# Asked him to leave on Saturday



## just_me (May 24, 2011)

I guess I am just realizing we are separated. We've been together more than half of our lives. We moved in together when we were 18, had our dd at 22 (married at 23) and now at 37, here we are. I asked him to leave on Saturday.

We have communicated through text and email and he is now admitting to being unhappy for a long time. Of course, I knew it and felt it for a long time, but he wouldn't admit it to me for fear of hurting me, or so he says. He seems to understand that not being honest was hurting me too.

I could go into detail, but from what I've read here, the details are all the same. I've felt like he wanted freedom from his family life for a long time and have told him so a number of times. He is finally admitting that it's true and that he feels like part of it (I am sure much of it) has to do with never having experienced adult life without each other.

I admit, I have thought about that too, and I don't hate him for feeling that way. Right now, I just kind of hate that he couldn't be honest with me, until I told him to leave and get his head sorted out. While I have had fleeting thoughts of what it would be like to live alone, I never acted in a way that pushed him away because of it.

I love him and he loves me... so why is this so hard?


----------



## Kauaiguy (May 8, 2011)

just_me said:


> I guess I am just realizing we are separated. We've been together more than half of our lives. We moved in together when we were 18, had our dd at 22 (married at 23) and now at 37, here we are. I asked him to leave on Saturday.
> 
> We have communicated through text and email and he is now admitting to being unhappy for a long time. Of course, I knew it and felt it for a long time, but he wouldn't admit it to me for fear of hurting me, or so he says. He seems to understand that not being honest was hurting me too.
> 
> ...


I guess all marriages get into a rut after a few years. One of the couple changes (such as our case) and all of a sudden you have nothing in common. Another reason is getting married too young OR married your high school girlfriend and have not experienced any other relationship, and now they want to experience it.

There are many reasons why this happens not to mention the financial aspect of it. But lost of love is NOT always the reason for the separation or even divorce.

Wife and I still love each other ... we just can't live with each other. Living together but living separate lives makes for a stressful environment. I tried it for a few years, but at the beginning of this year, I just couldn't handle it anymore.

I asked wife it there was a way we could make this marriage more livable and she opted for the divorce. Now she says that she just wanted a separation, but her attorney talked her into the divorce. Sez it's less complicated.

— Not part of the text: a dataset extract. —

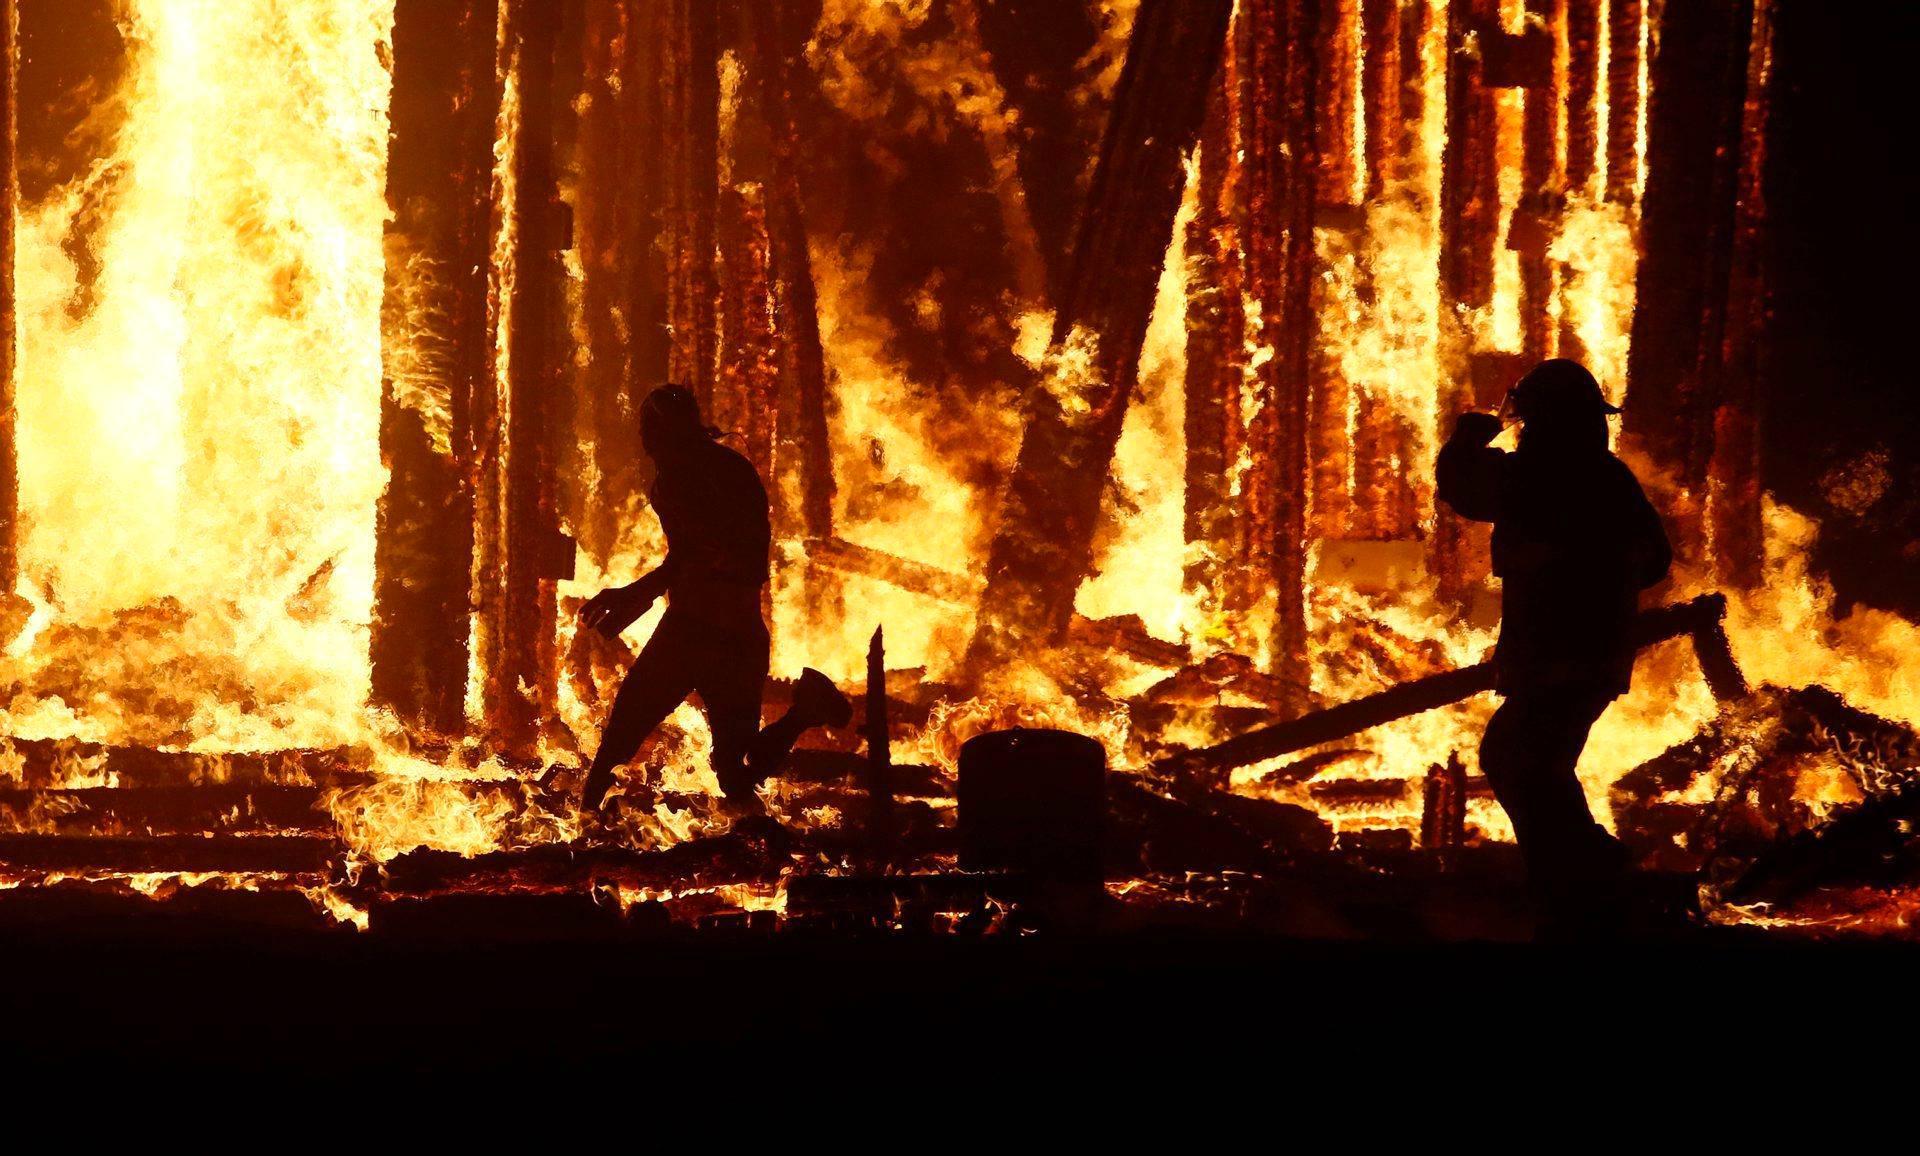 Nevadan Burning Man -festivaaleilla menehtyi lauantaina yksi osanottaja, joka juoksi festivaalin huipentavaan jättiroihuun järjestys- ja palomiesten estelyistä huolimatta.

She wants to remain friends and she comes around quite often, so even though we're divorced, there's still a glimmer of hope.
We'll see where it ends up .. but right now I think we made the right decision. 

The point is .... it's NEVER over while a spark still burns.


----------



## reindeer (Mar 24, 2011)

Justme I understand how you are feeling. I told my husband to leave 8 days ago. You can find more if you look on my threads.

Our problems have been that he wanders a bit, as he feels he needs freedom. I have been controlling over some things such as not wanting him to join the territorial army (although I proposed this last October).

Anyway husband has said that feels we have made each other into people he does not (like me ), orrecognize (him), by our behaviours. After 7 months of this discussion his self esteem low Iasked him to go.

He has gone (10 minute walk away!) wants us to get on, thinks we could be happy separate. No plans for divorce, or reconcilliation. I think he loves me, and I think I love him. I have to say after the last week or so, I would not want him back right now, but then that is not a possibility. We said we might meet end of week, but I don't know if I want to. He is in contact each day with our daughter, but we are not contacting each other much. For now I think that is ok.

It will be hard for you, as there are no real concrete things for youto say why it happened and it does seem a shame, however space and time may be what is needed. You will both change now, and grow.

Just try to live your life as if you will be single now, so you do not have high hopes. There is the whole future, you can work on things if you both want to. 23 years does not disappear over night. I read this site every day to remind myself to stay strong, as I am not finding it easy. Take care.


----------



## 52flower (Mar 4, 2011)

Reindeer, I do the same. Reading consistent remarks helps me rebuild the healthier frame of mind I used to have. I'm going through the transition of life without him. I have to put aside the happy remembrances and focus on the stresses & unfair ways so that I can get through the detachment from him. It's hard because there were so many fun and close times between us.


----------



## Jellybeans (Mar 8, 2011)

just_me said:


> I love him and he loves me... so why is this so hard?


Because you're human. Heartbreak sucks no matter how you slice it. You guys have been together for a long time so it will sting. 

Start thinking practically. Do something good for yourself.


----------



## Jellybeans (Mar 8, 2011)

Kauaiguy said:


> I asked wife it there was a way we could make this marriage more livable and she opted for the divorce. Now she says that she just wanted a separation, _but her attorney talked her into the divorce. _Sez it's less complicated.


Wow. So she makes huge life decisions because an attorney she talked to sways her one way? The mind boggles.



Kauaiguy said:


> The point is .... it's NEVER over while a spark still burns.


I agree.


----------



## brighterlight (Aug 13, 2009)

Yeah, KG and JB, an attorney talked her into it because it's easier.....for who? for him? Wow, I gues in spite of my wanting to go bungee jumping in the remote hope that the cord would break, I am really lucky compared to some of you folks on here. We are leaving the attorney out of our divorce; and our son is an attorney (although thank God a patent attorney and not a divorce attorney!) so I can't be too cynical with attorneys. yeah, we figure that the attorney is going to try to sway us in some way; don't know what that is but we've got it figured out all the way down to our work benefits, retirement, insurance policies, and beneficiaries. So as for just_me, I can relate; we had issues with that when we were about 40 but somehow, we managed to survive it - we got past it (been with each other since we were 14 yrs old). Now the problem was that I did not give her enough effection and I was too negative about things in general so it was stressing her out and causing anxiety - I saw it as Murphy's law every now and then, like when the car breaks down we you least need to to. You know, everyday crap that happens to everybody. I had to be the one to deal with fixing the car, making the calls to where ever you had to be, etc. That's just one example, anyway, i am ranting. 

KG said it right - _"The point is .... it's NEVER over while a spark still burns."_

Oh yeah, one more piece of advice I would like to leave you with. If either one of you gets into a relationship of any kind, EA/PA, with another person; you will more than likely never get over it. Fight for your marriage, don't accept it if he wants to "try being in other relationships to see what it is like." Sooner or later, both of you will pay the price for that. Find ways to get the spark back. Stay true to your marriage if you both really want to keep it.


----------